Saturday, July 05, 2008

Ireland Day Seven -- Bunratty

Today, we kind of took it easy. Awaking in Doolin, we had intended to take the Ferry out to the Arran Islands. Our B&B is a short walk away from the Doolin Pier, but the weather forecast for the afternoon was not good, and we didn't want to fight seasickness, or worse, get stuck out there on the islands for the night. (That is a distinct possibility when the weather blows in.)

For those wishing to take this adventure sometime in the future, the ferry leaves Doolin Pier at 10, 11, 12 and 1 o'clock, returning at 2:15 and 4 o'clock. The cost is €50 for two people, and operation of the ferry depends on the weather. The best way to see the islands are on bike. You can hire bikes from Doolin town, near the Internet Cafe and Laundry.

So, instead of going to Arran, we drove east into the country to visit Bunratty. Bunratty is near Shannon airport. It is the Irish equivalent of Colonial Williamsburg. The park is home to Bunratty Castle, where they host medieval suppers and large festival banquets in full costume.

Surrounding the castle are educational exhibits of life in Ireland in days past. There are rich aristocratic homes like Bunratty Manor House, small farm homes, and simple servant homes. Real peat fires burn in all the homes, and costumed actors walk through the town telling stories and acting their parts.



Unfortunately, Bunratty is also home to many "olde tourist gift shoppes", and the boys had a vicious case of the "gimmes." After seven straight days of touring, we were ALL at the end of our ropes. Eddie and Luke both were upset that I wouldn't let them buy stuffed donkeys, so we had a bit of a meltdown after the gift shop. We decided to call it a day and go back to the B&B early. It has been a solid week of touring, and I think everybody was just plain tired.

But before we went to bed, we headed out to the Stone Cutter's Kitchen in Luogh North, Doolin.

Run by expatriate Americans, Karen Courtney and Myles Duffy, the restaurant features a full selection of Irish beef, pork, chicken, and seafood dishes. They also had an excellent children's menu, plus a variety of tasty looking specials.

For my appetizer, I had the seafood chowder, which had a wonderful array of squid, fish, crab, mussels, cockles, and, as the menu said, "and so on, and so on, and so on." It was as if they scooped a bucket of sea-life from Doolin pier, added cream and spices, and served it warm. Delicious!

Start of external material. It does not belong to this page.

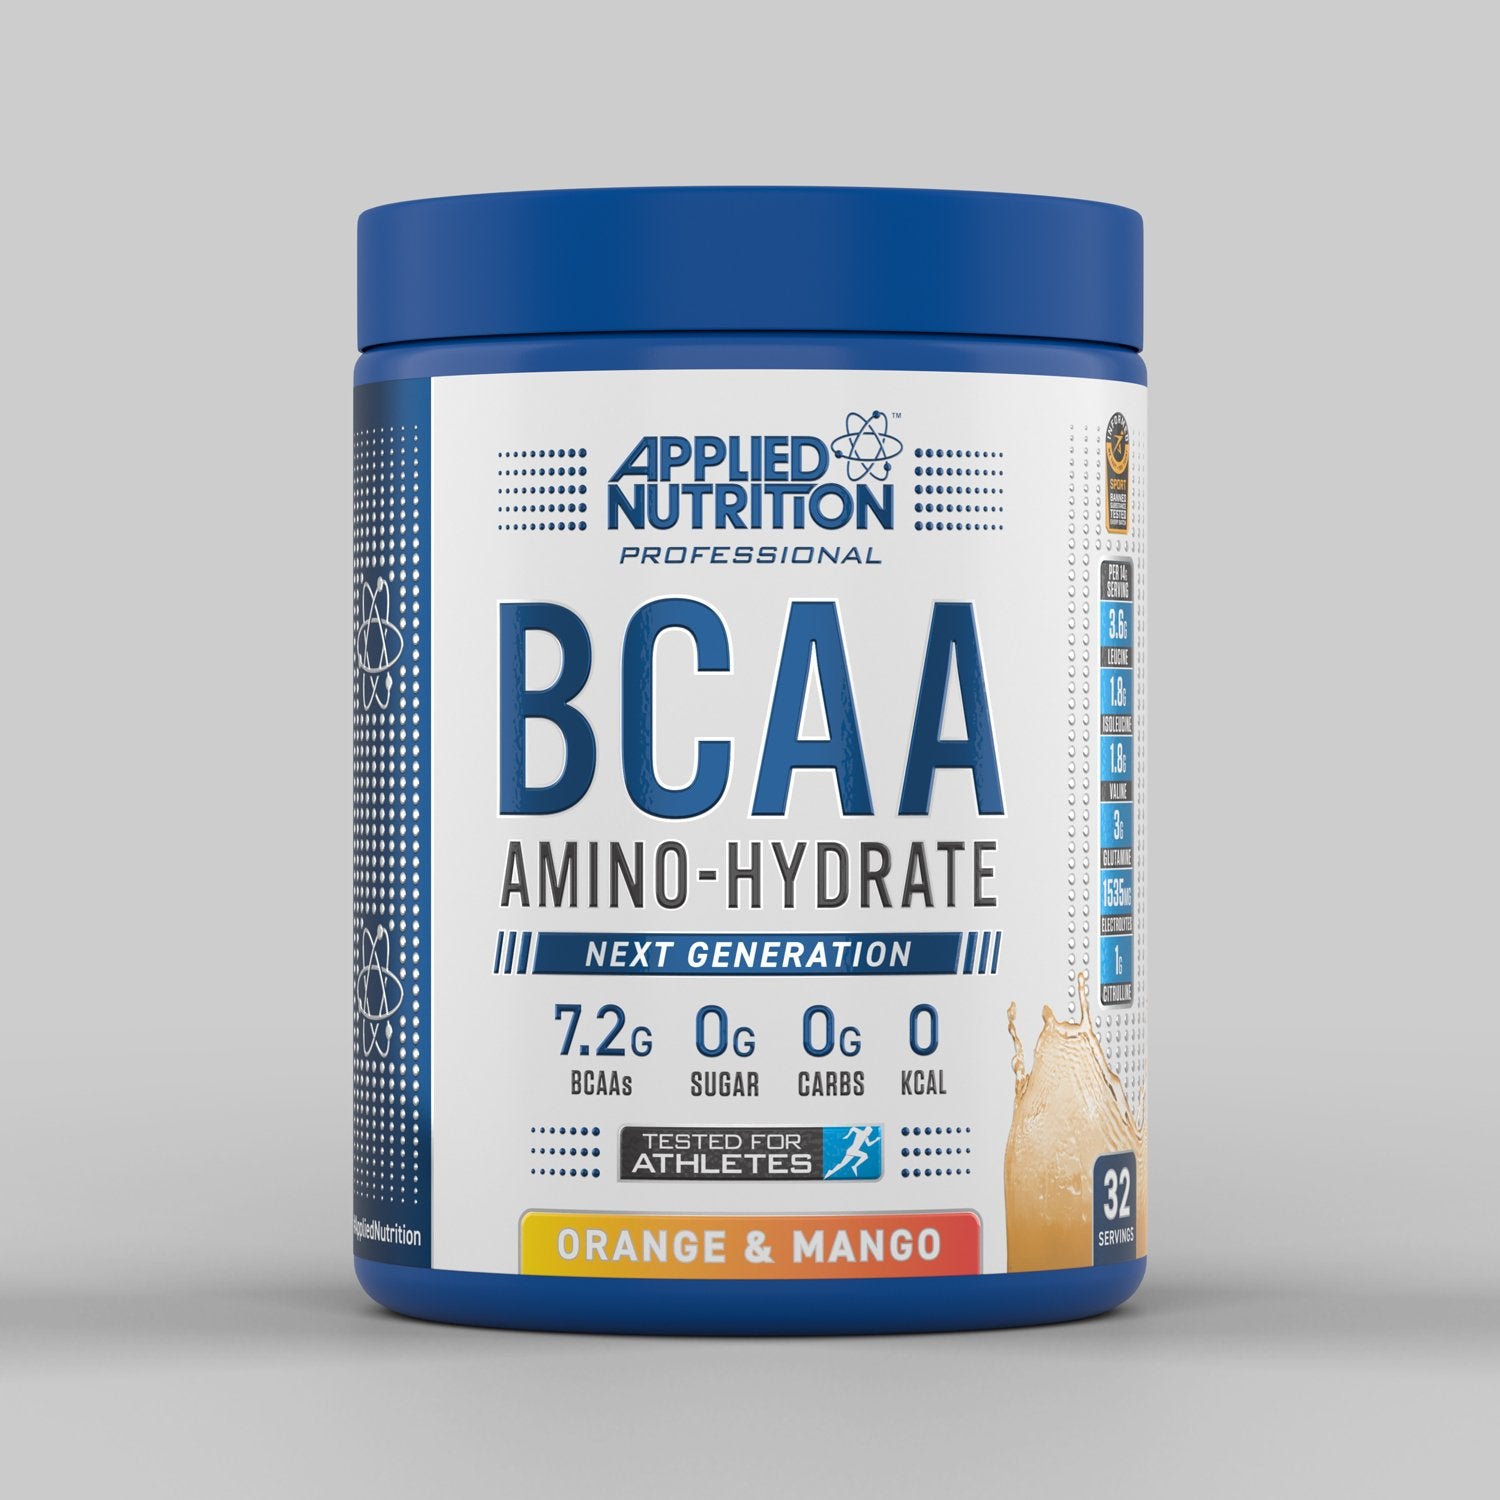 BCAA Amino-Hydrate

For the main course, I had the very excellent pork medallions with a whole-grain mustard sauce and new potatoes. Becky had a Guinness and Irish beef stew which would warm the coldest farmer after a drizzly day in the fields. Eddie had fish and chips, and Luke, a cheeseburger.

Dessert was pretty special too: homemade plum crumble with warm custard, a strawberry ice cream wafer sandwich, and a hot glass of vanilla custard. We ate well, and tonight, we will sleep very well.


Tomorrow, we will likely take the Killimer ferry down to Killarney, cutting 130 km off of our driving and saving a bit on petrol as well. (Petrol costs about $8 per gallon, and the ferry crossing is only €14. Believe me, it works out.)

Plus we'll still get that boat ride.

3 comments:

Mom said...

It sounds like you have visited a lot of really interesting places. I can't say that I would be thrilled with the weather. You seemed to have lucked out with nice B&B's too.

Mom said...

That castle looks like the one where we had a dinner of the medievel times using the same instruments that they did to eat!

Scott said...

As to the weather... our landlady said today, if you waited for it to stop raining in Ireland, you wouldn't see much of Ireland.